There are two stages to the spinal cord stimulator implantation. The first stage is an outpatient procedure using local anesthetic. Using an X-ray to view the area, the surgeon will insert a hollow needle into the space between the bone and spinal cord. The trial lead is then inserted and placed near specific nerves. The wires will be attached to a generator worn on a belt. You’ll go home and monitor your pain level, following all instructions from your doctor. After three to seven days, you’ll return to your doctor to discuss next steps. If it was successful, you’ll move on to stage two. If the trial was unsuccessful, the doctor will remove the trial leads. Stage two is when the permanent stimulator is implanted. After arriving at the hospital, you’ll have a brief physical exam and you will be given a local anesthetic and sedative. The electrode leads are inserted with the aid of an X-ray. Then a small incision is made over the vertebra. A small portion of the bony arch is removed to make room for the leads, which are attached to the epidural space above the spinal cord.

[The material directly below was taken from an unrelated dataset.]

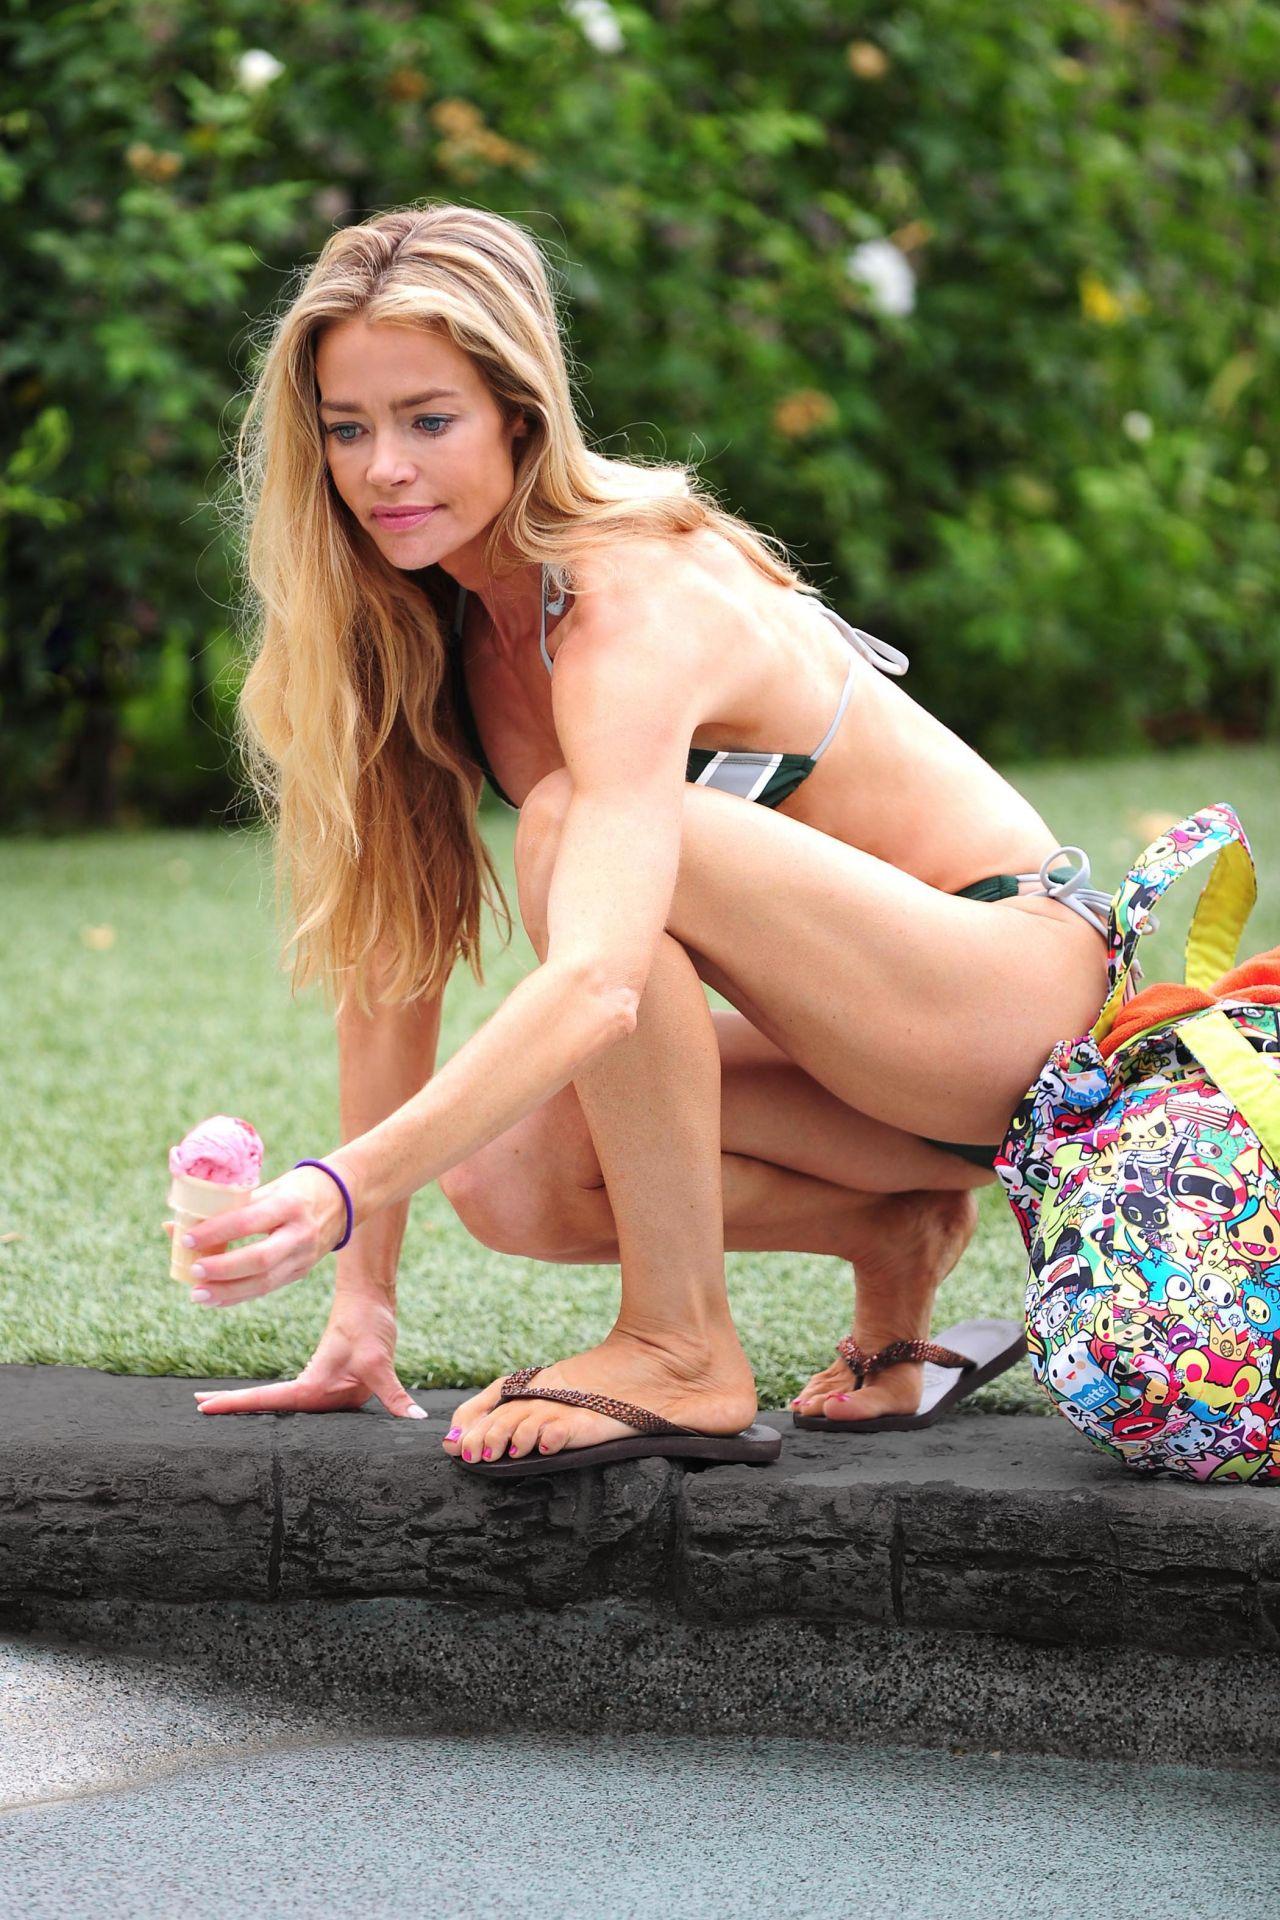 Wallpaper Volley Girl Denise Richards In A Bikini Licking An Ice Cream In La
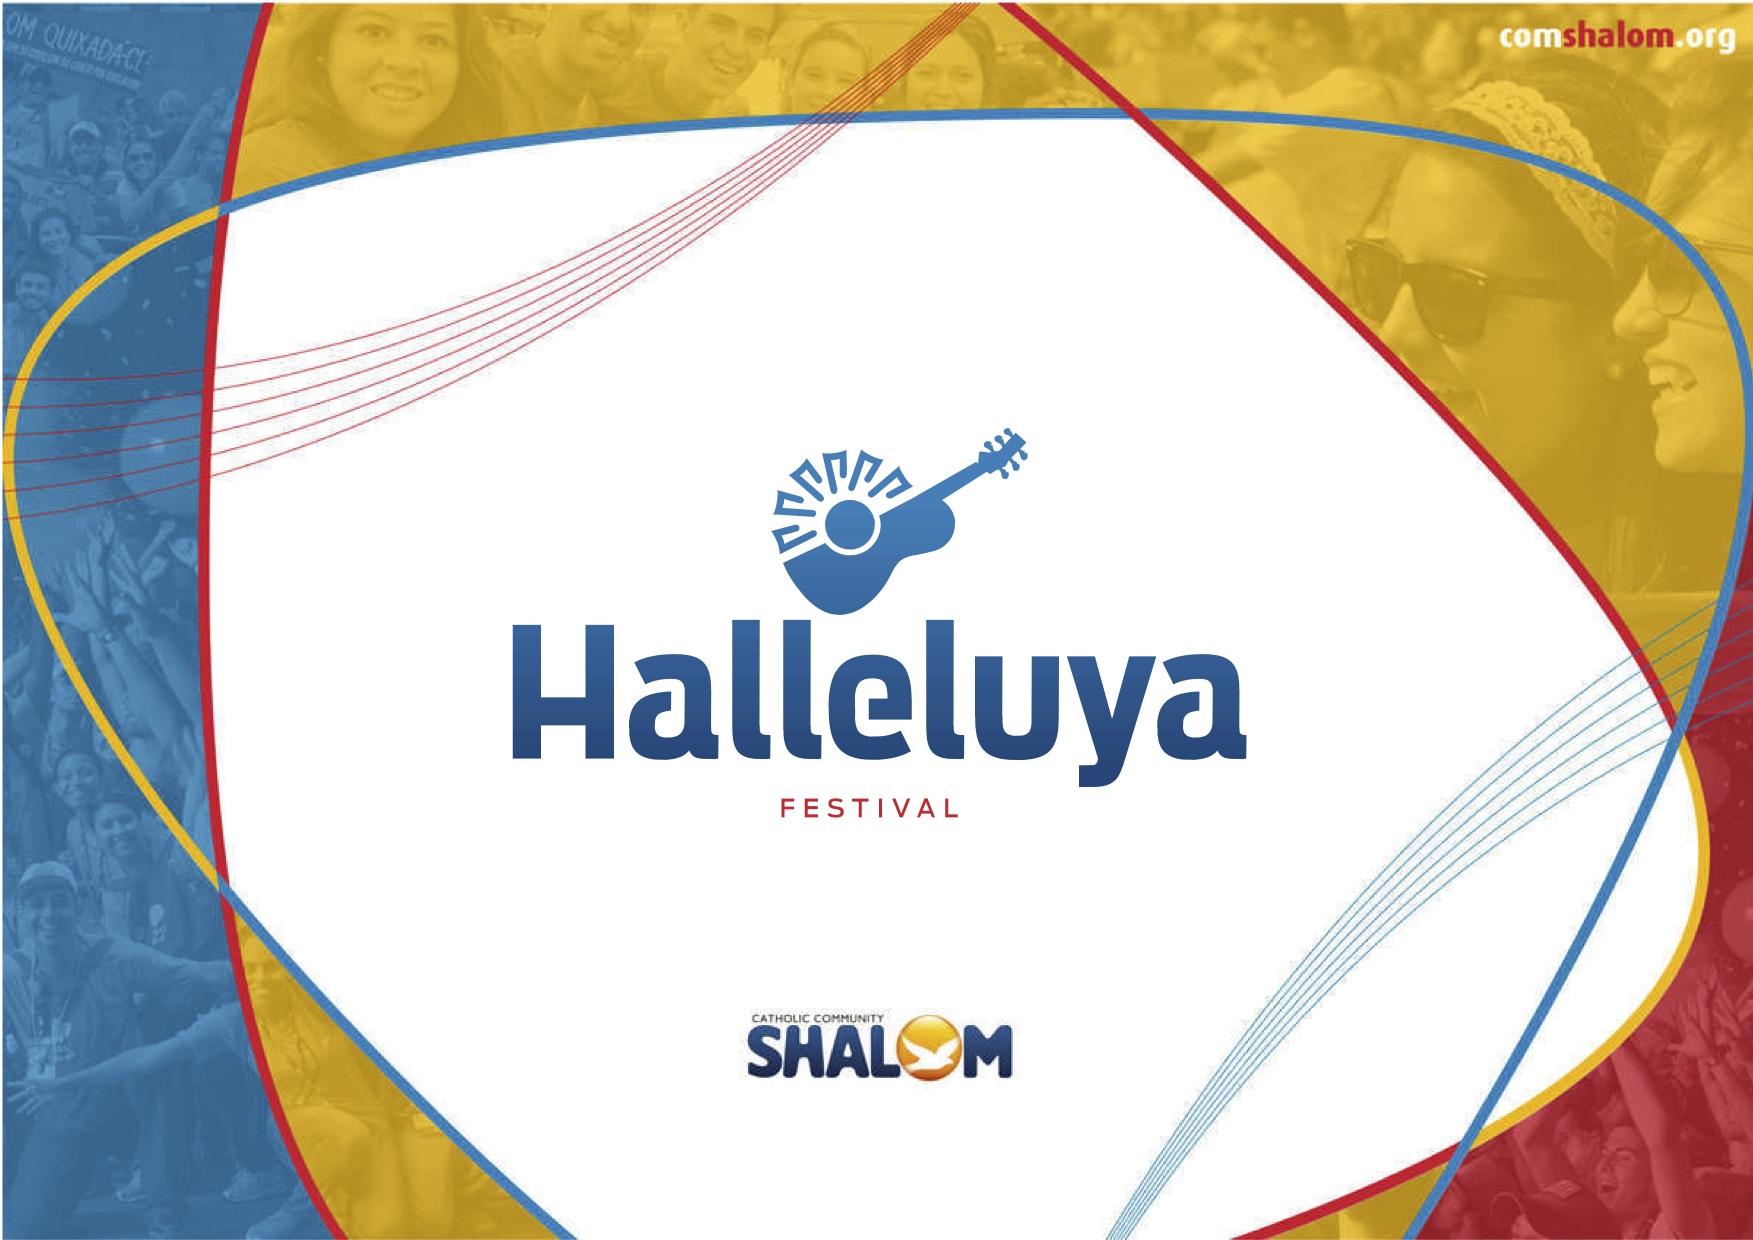 Halleluja Festival

After testing the placement and pain level, the surgeon will run the lead wire under the skin to a generator which will be placed under the skin of the buttock. The surgeon will close the incision using stitches or steri-strips.

After surgery, you will be taken to the recovery room for observation. Once your blood pressure, pulse, and breathing are stable and you are alert, you will most often be discharged to your home. Before being discharged, you will be given instructions about care for your incision, limits on activities and what you should do to aid your recovery. If you notice any of the following, call the number the hospital gave you: Fever, excessive sweating, difficulty urinating, redness, bleeding or worsening pain.